86It is clear that the trial judge did not address the s 293 issue either on 1 or 2 August 2013 when considering whether to allow access to the subpoenaed materials. This was because his Honour took the view that s 293 was only relevant at the subsequent stage of adducing evidence at the trial.
87In my view, his Honour's approach was in error.
88The assessment of "substantial probative value" under s 299D(1), whether at the stage of allowing production under s 298(2) or the stage of adducing of evidence under s 298(3), must be concerned with material that is ultimately admissible: KS v Veitch (No 2) at 266 [37]; NAR v PPC1 at [29].
89Evidence relating to sexual reputation, or disclosing or implying that the complainant may have had sexual experience, or lack of sexual experience, or may have taken part or not taken part in sexual activity, is inadmissible under s 293, unless one of the exceptions applies.
90The restrictions on the admissibility of material concerning prior sexual assaults and prior sexual history, or lack of it, as found in s 293, also engage s 299D(1): NAR v PPC1 at [29]. It was necessary for his Honour to address the s 293 issue when determining whether the subpoenaed material had substantial probative value. Given that his Honour did not do so, it follows that Grounds 3(a), (b) and (c) should be upheld.

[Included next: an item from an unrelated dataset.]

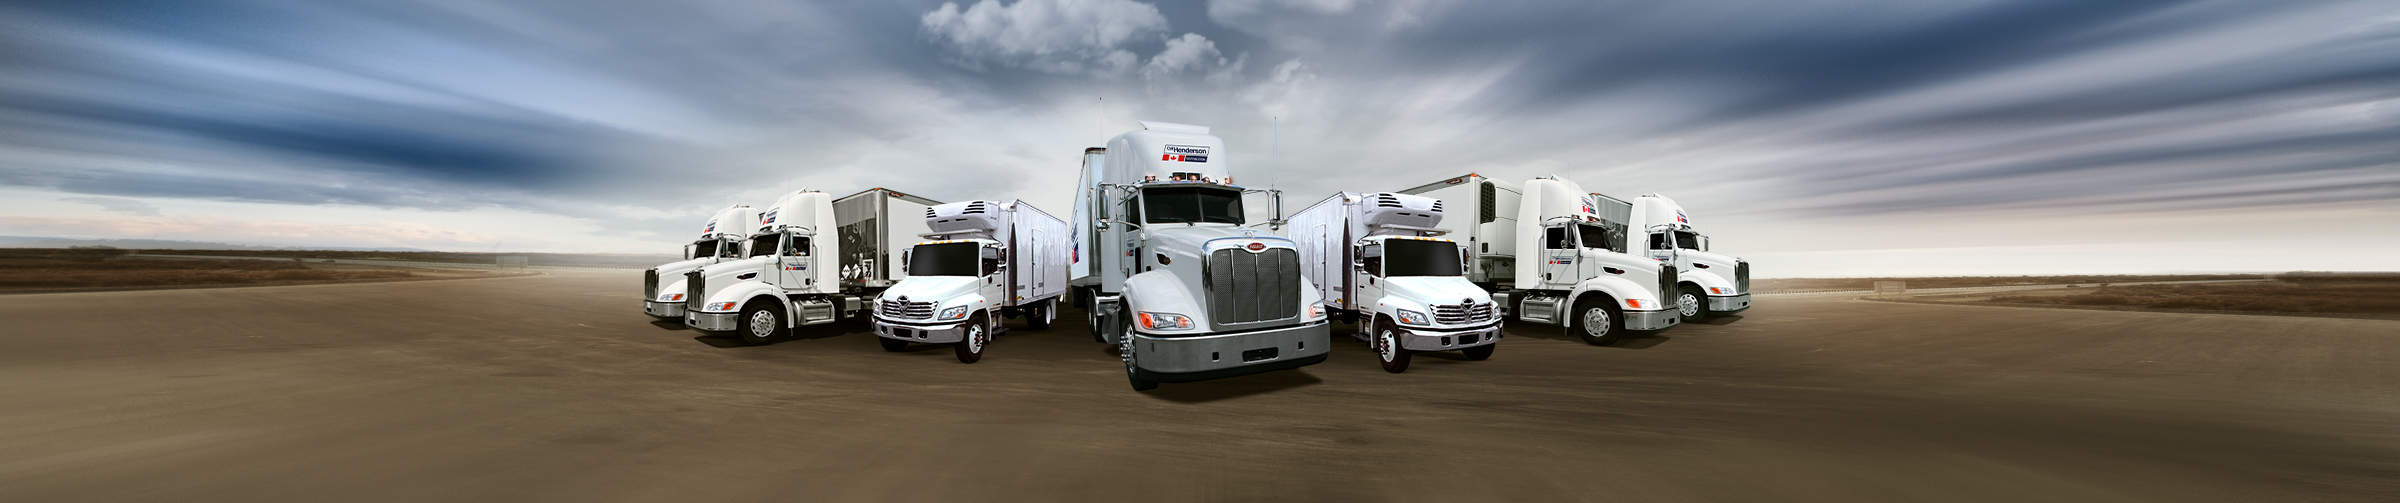 CW Henderson Distribution trucking equipment

91Counsel for the respondent contended that the trial judge adopted a pragmatic approach to Chapter 6, Part 5, Division 2 in dealing with the apparent difficulties in the application of s 299D(1) at the stage of allowing access to subpoenaed material under s 298(2). It was suggested that s 302, which permitted the making of ancillary orders, was wide enough to permit access to the parties' legal representatives only, notwithstanding the absence of satisfaction of the paragraph (a) requirement of s 299D(1), in circumstances where the s 293 issue had been deferred to the stage of adducing of evidence at the trial.
92In my view, there is simply no warrant for such an approach to the requirements in s 299D(1).
93First, it is inconsistent with the terms of s 299B(3)(b) which are set out at [27] above. The preconditions in s 299D(1) for the grant of leave under s 298(2) must be satisfied before access to subpoenaed materials recording a protected confidence can be granted to a party, other than a protected confider (such as the applicant). Access cannot be granted to the parties' legal representatives in advance of the Court being satisfied that the preconditions in s 299D(1) have been satisfied.
94Secondly, to the extent that an application for access to subpoenaed material under s 298(2) raises issues under s 293, including the potential application of the exceptions to the inadmissibility of prior sexual history under s 293(4) and s 293(6), these must be addressed by the Court as part of the assessment of the "substantial probative value" requirement in paragraph (a) of s 299D(1).
95Thirdly, the power to make ancillary orders under s 302 ought not be construed so as to circumvent the satisfaction of the preconditions in s 299D(1) to allowing production of subpoenaed material under s 298(3). Section 302 is predicated on the Court having been satisfied, relevantly under s 298(2), that documents should be produced and made available for inspection. That is, it is to be assumed that the preconditions in s 299D(1) have been satisfied. Section 302 is concerned with orders directed to limiting harm or potential harm from such disclosure of a "protected confidence".
96If the evidence in support of the application for leave to access the subpoenaed material under s 298(2) does not permit the trial judge to reach a view on the admissibility issue raised by s 293, then generally, the appropriate course would be to defer the application for access under s 298(2) until a ruling on admissibility under s 293 is made. The timing of any such ruling, whether pre-trial or during the trial, is a matter for case management by the trial judge.